▸ GIVEN DATA
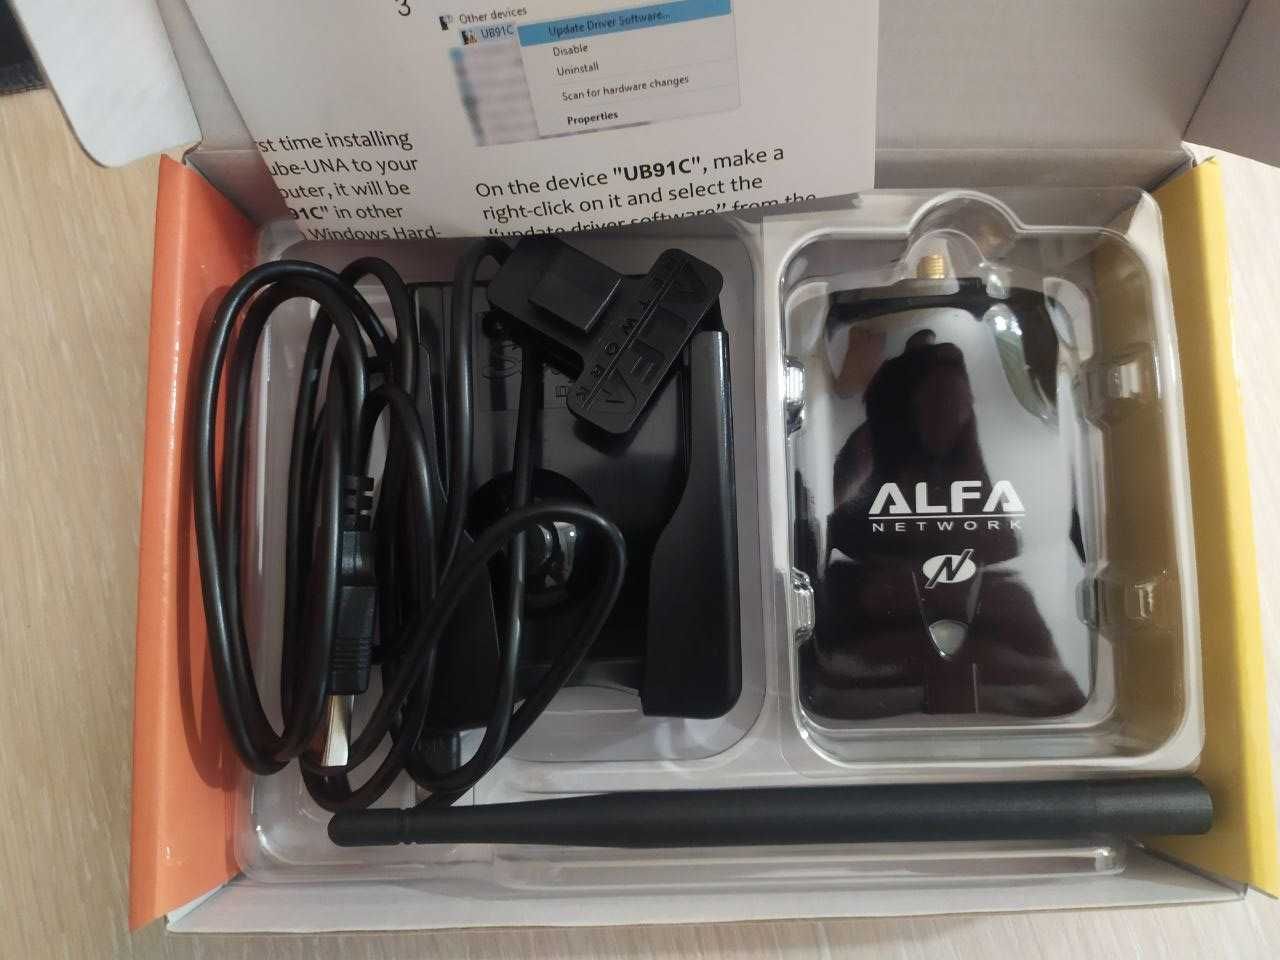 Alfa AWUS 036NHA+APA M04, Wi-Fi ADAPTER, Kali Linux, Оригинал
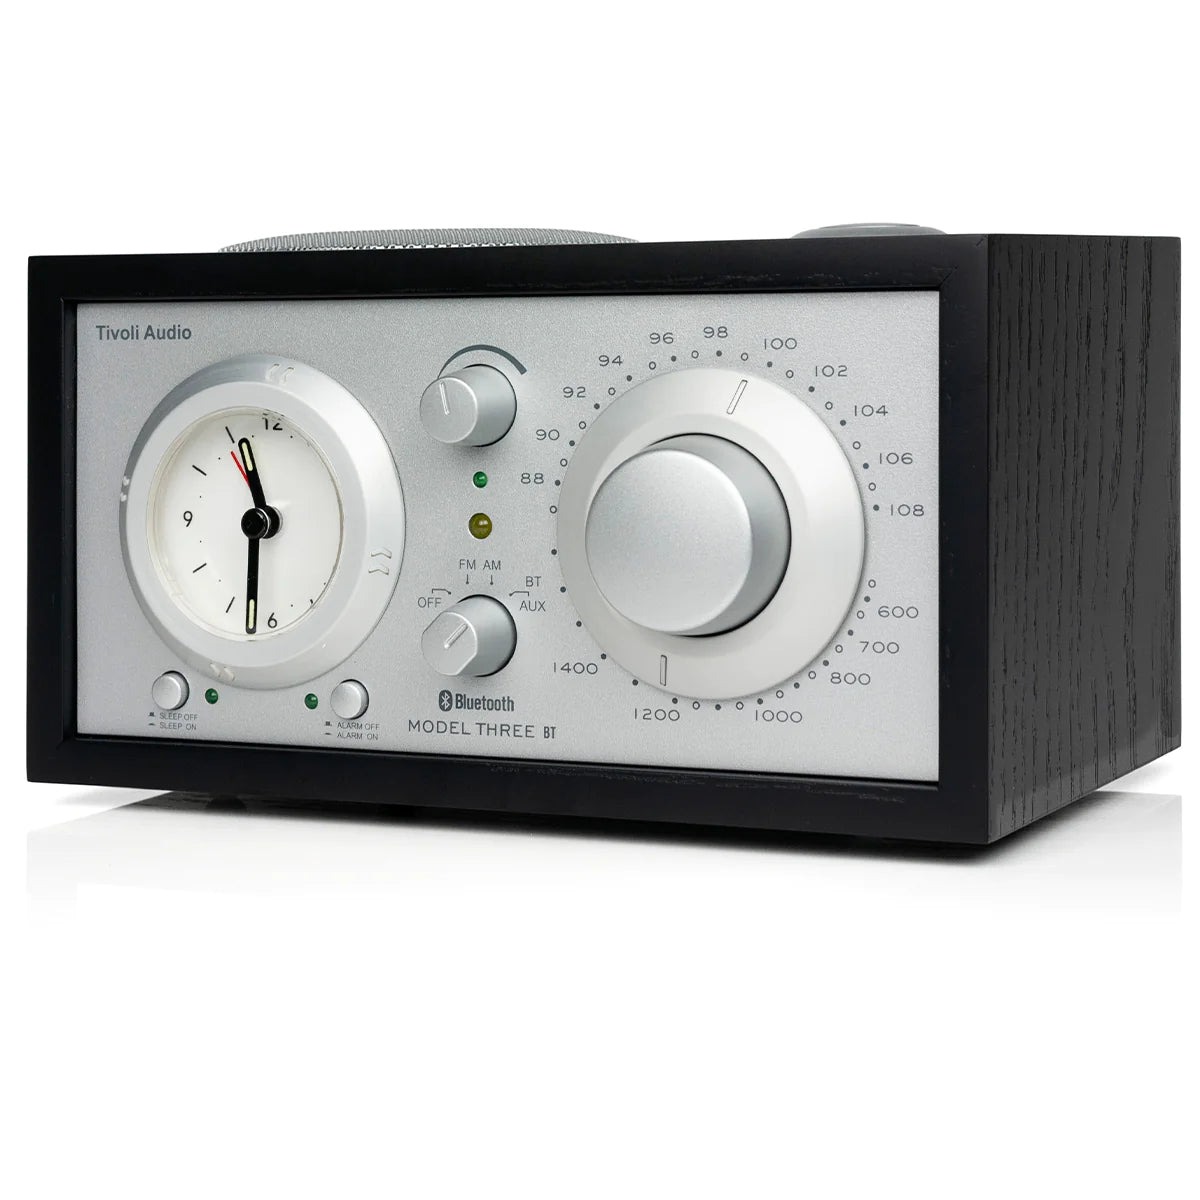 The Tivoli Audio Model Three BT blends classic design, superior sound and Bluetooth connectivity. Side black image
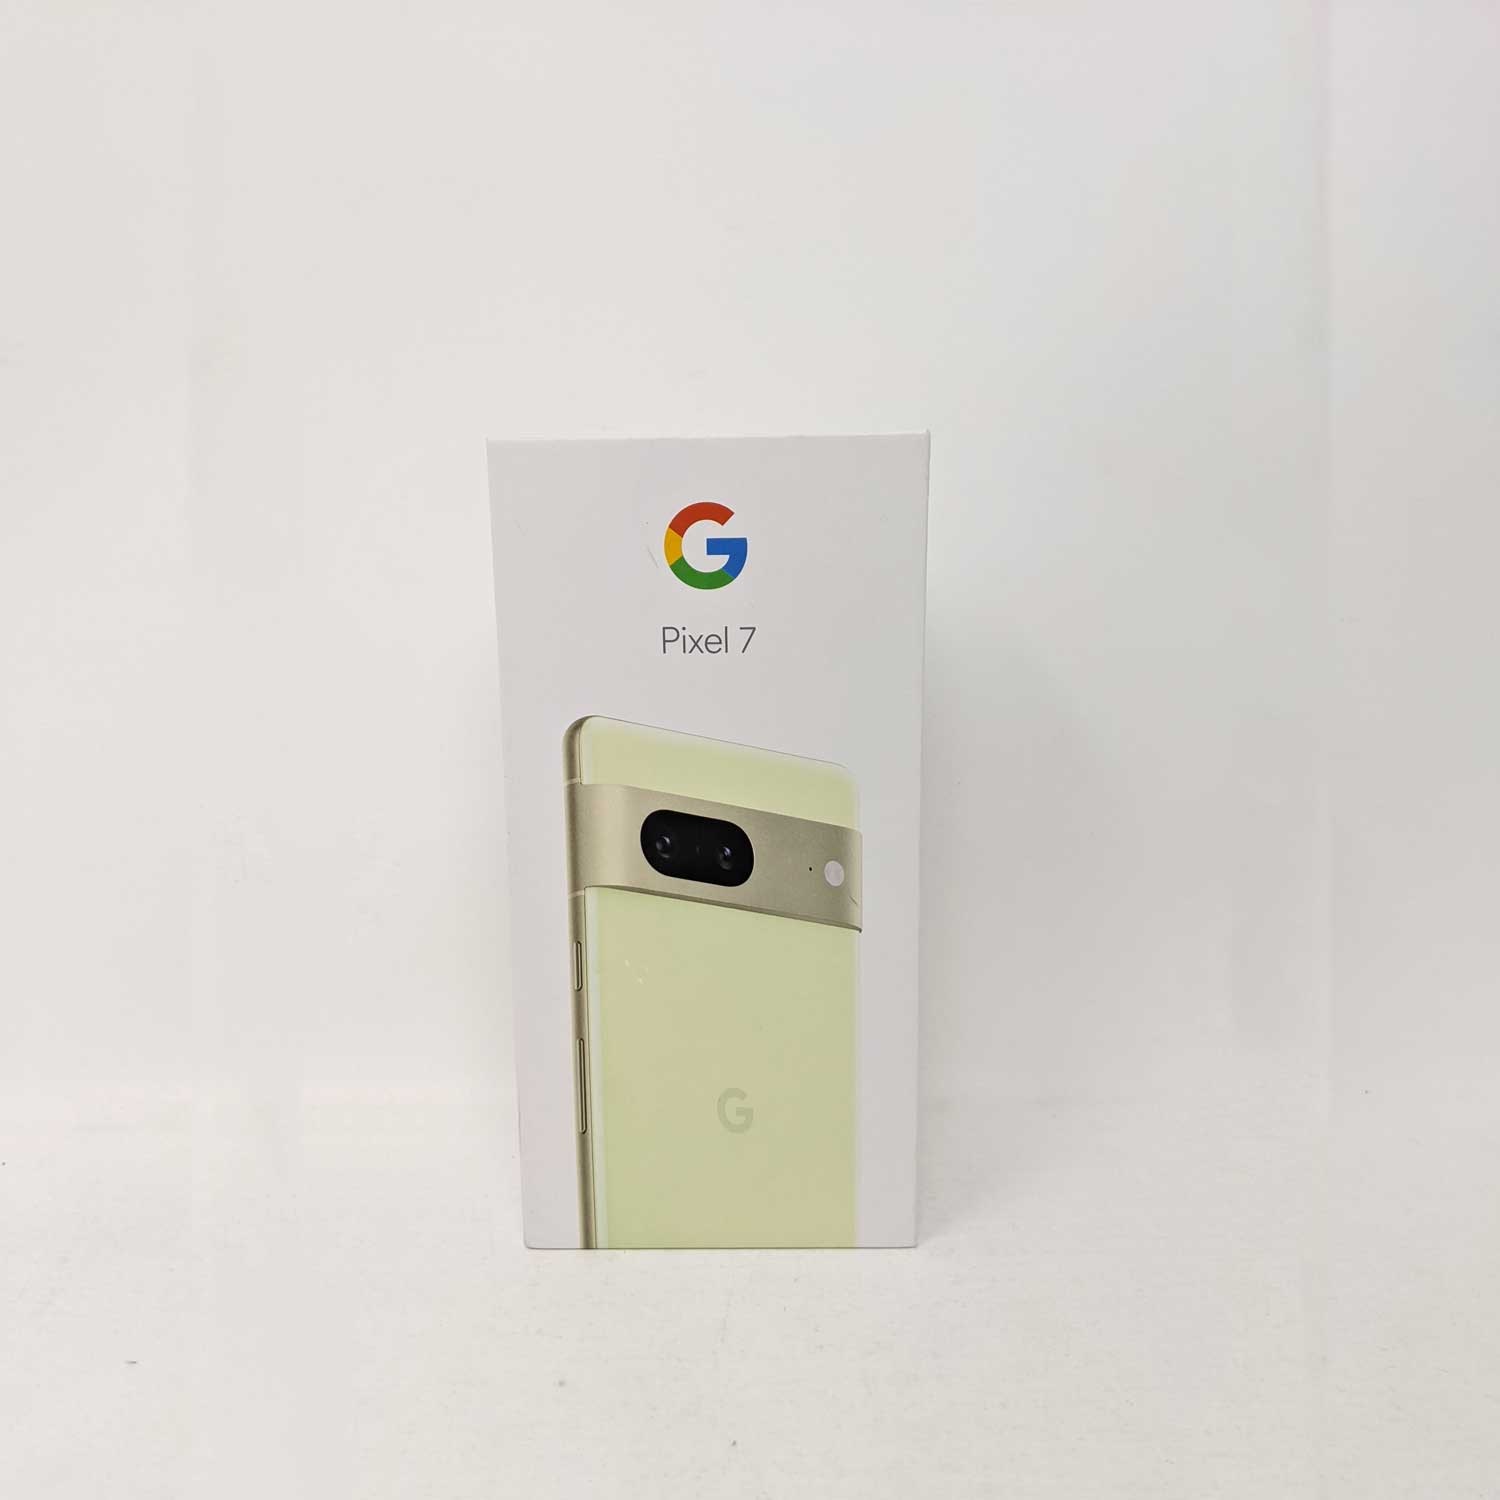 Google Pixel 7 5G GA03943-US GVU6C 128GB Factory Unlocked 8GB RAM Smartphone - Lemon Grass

▸ WORK TO COMPLETE
Print the whole listing exactly, please, and keep any images out of it.

▸ THE ANSWER
 Alfa AWUS 036NHA+APA M04, Wi-Fi ADAPTER, Kali Linux, Оригинал
 The Tivoli Audio Model Three BT blends classic design, superior sound and Bluetooth connectivity. Side black image
 Google Pixel 7 5G GA03943-US GVU6C 128GB Factory Unlocked 8GB RAM Smartphone - Lemon Grass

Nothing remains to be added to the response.